Not least because it would be hard to imagine anyone else in the role of a "pleasant, agreeable, but utterly hopeless" teacher in Quartermaine's Terms, a cast type he has made his own.

Atkinson deserves hero worship alone for delivering the punchline in the greatest one-joke sketch ever written. In Not The Nine O'Clock News's brilliant "Swedish Chemist Shop", he approaches the counter and tells Mel Smith in a thick Scandinavian accent he would like a deodorant. "Bowwwl or ayre-soll?" Atkinson replies: "Neither. I want it fur ma armputs."

Atkinson has been stealing scenes ever since. While the extraordinarily expensive, and frustratingly unfunny first series of Blackadder, which he co-wrote with Ben Elton, stumbled, his virtuoso performances in the subsequent series secured his place in the hall of British comedy fame.

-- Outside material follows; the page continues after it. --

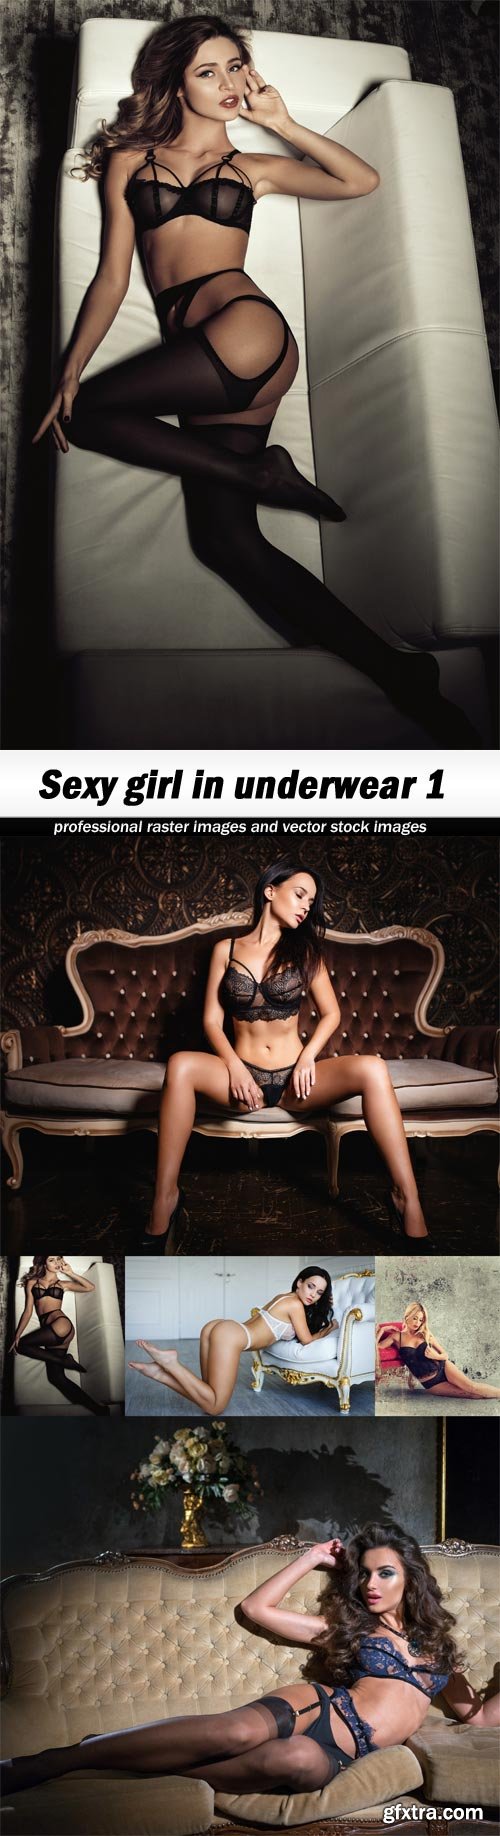 Sexy girl in underwear 1 - 5 UHQ JPEG

Never have so many laughs been achieved from the affected pronunciation of the word: "Bob."

Mr Bean continues to divide opinion, but the mute slapstick propelled him into the global stratosphere, spawning cartoons and two feature films. Johnny English too. No wonder he's reportedly worth £100m.

Having overcome a stutter he remains awkwardly shy, a difficult chat-show guest. Grumpy even. But he is an old-fashioned actor, who happens to be brilliant at comedy. Only a true great great actor could lift The Thin Blue Line above "cancelled after one series" obscurity.

Policemen, teachers, butlers, Army officers. His novice vicar in Four Weddings and a Funeral. Figures of authority who come up short. Is there anything more British? No doubt Atkinson's first play for 25 years will add to his back catalogue of flawed English stereotypes.

You'd have to be mad to think anything else. Proper pants-on-head, pencils-up-nose mad. Wibble.